Trustees of defined contribution (DC) schemes redirecting contributions made during Covid-19 to alternative funds should check they’re not unintentionally breaching pension legislation, The Pensions Regulator (TPR) warns.
The watchdog said DC schemes may have members who have self-selected investment in funds, such as property, that have been temporarily closed - or gated - until the market normalises following Covid-19-fuelled market volatility.
It said contributions that come in during this period cannot be invested in these funds and so trustees will need to invest them in a different fund.
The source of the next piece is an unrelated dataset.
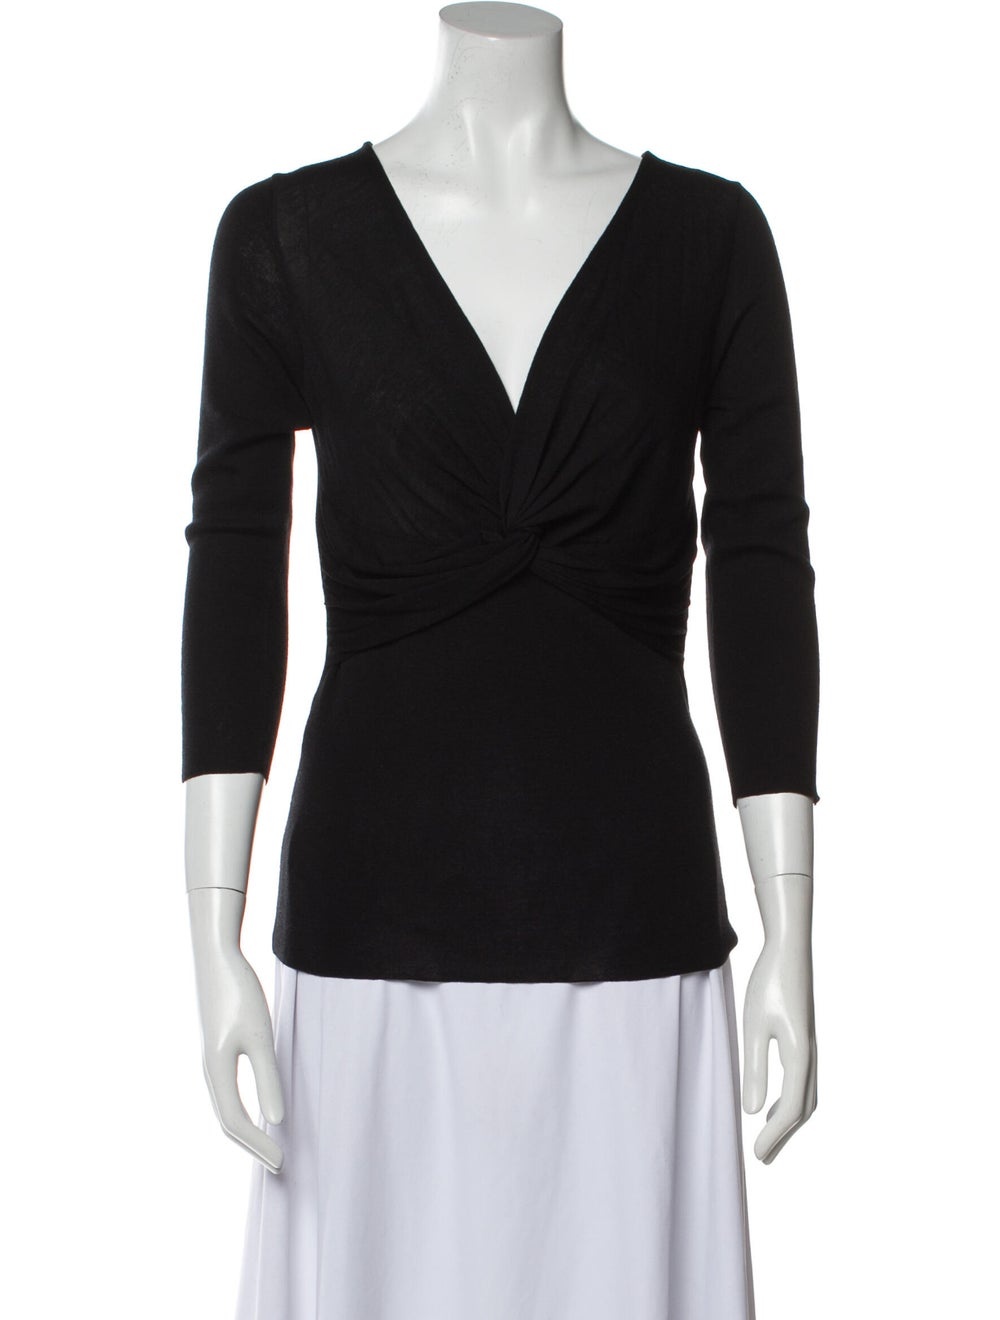 Prada Wool V-Neck Top Wool - image 1
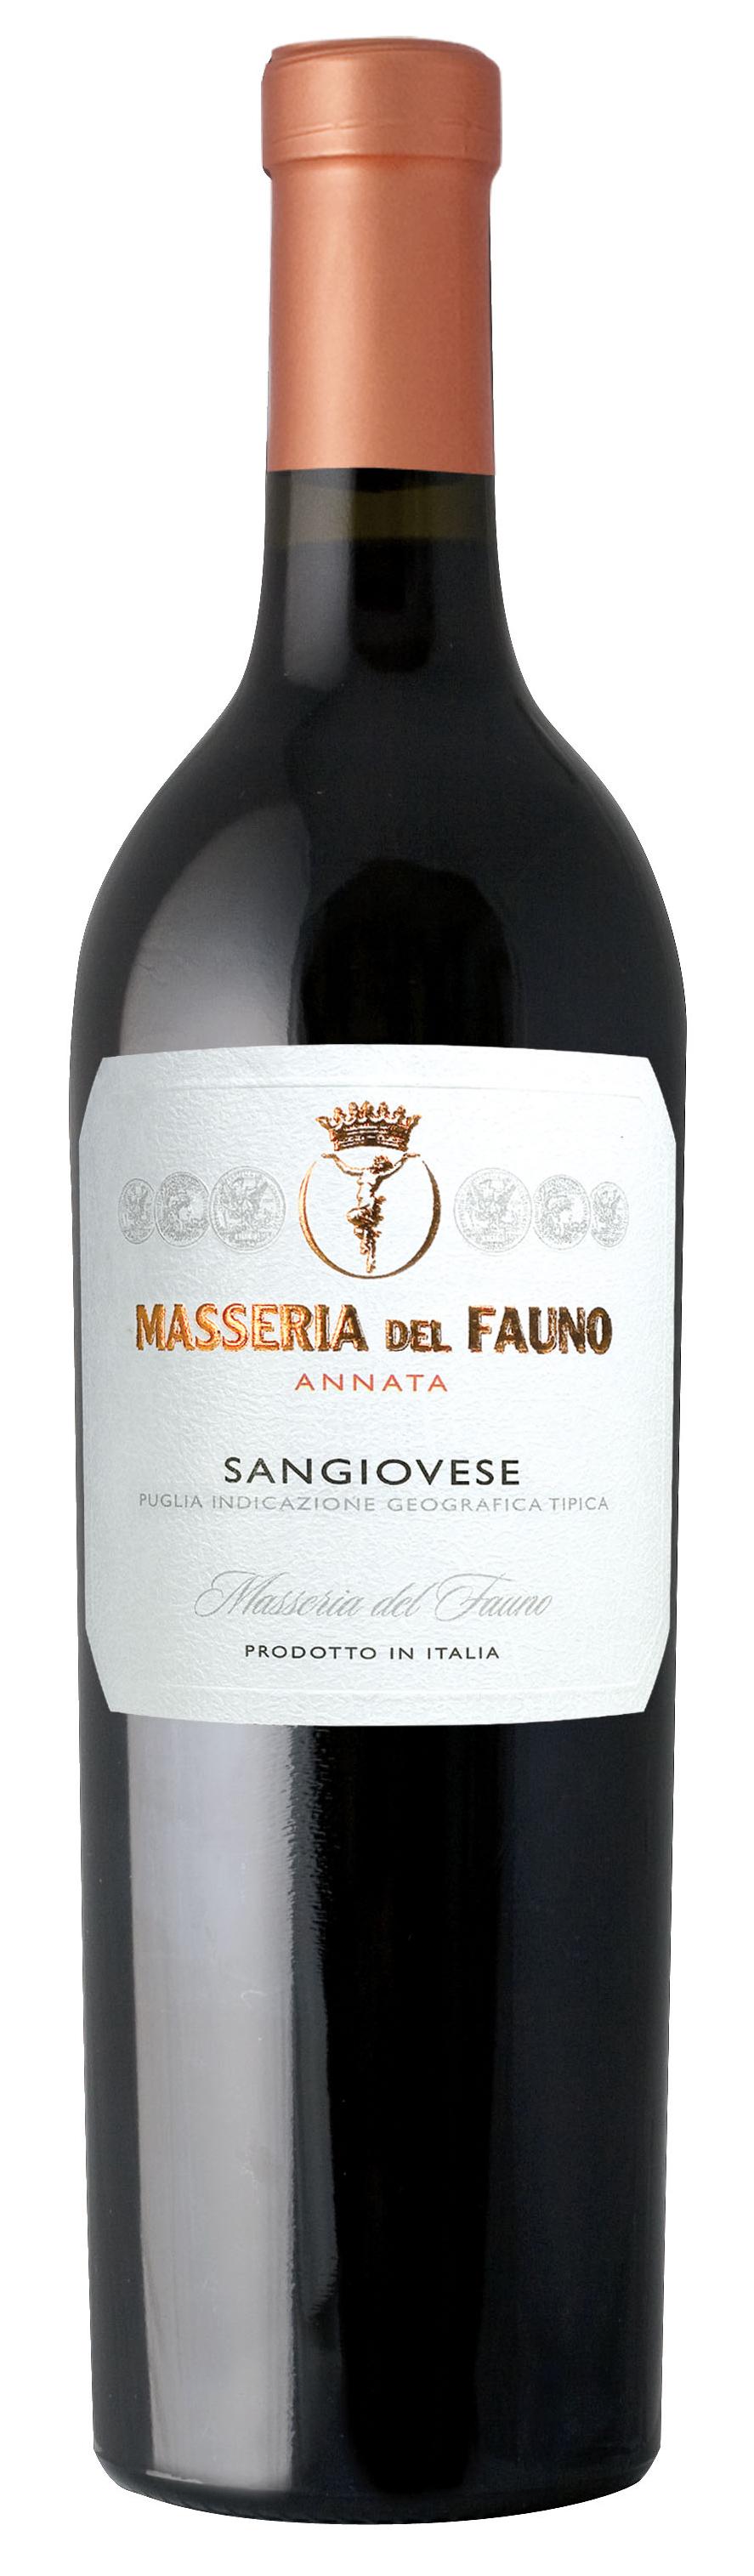 Sangiovese_Masseria[1].jpg

The regulator's guidance said the temporary closure of funds could create a default arrangement for the purposes of legislation - meaning they would be subject to rules such as a charge cap if the scheme is used for automatic enrolment and also the need for a separate statement for investment principles (SIP) for this default arrangement.
TPR's view is the only ways a default arrangement would not be created are if members were made aware funds could be diverted before they selected the original fund; or trustees subsequently obtained consent from members before diverting contributions.
It said trustees should review the DC code of practice, which explains where a fund will be a default arrangement, also noting they may need legal advice to check if their scheme is affected.
The regulator said if they have unintentionally created a default arrangement they should take immediate steps to ensure they meet legal requirements - but reassured it would continue take a pragmatic approach, based on individual scheme circumstance, in deciding whether to take enforcement action.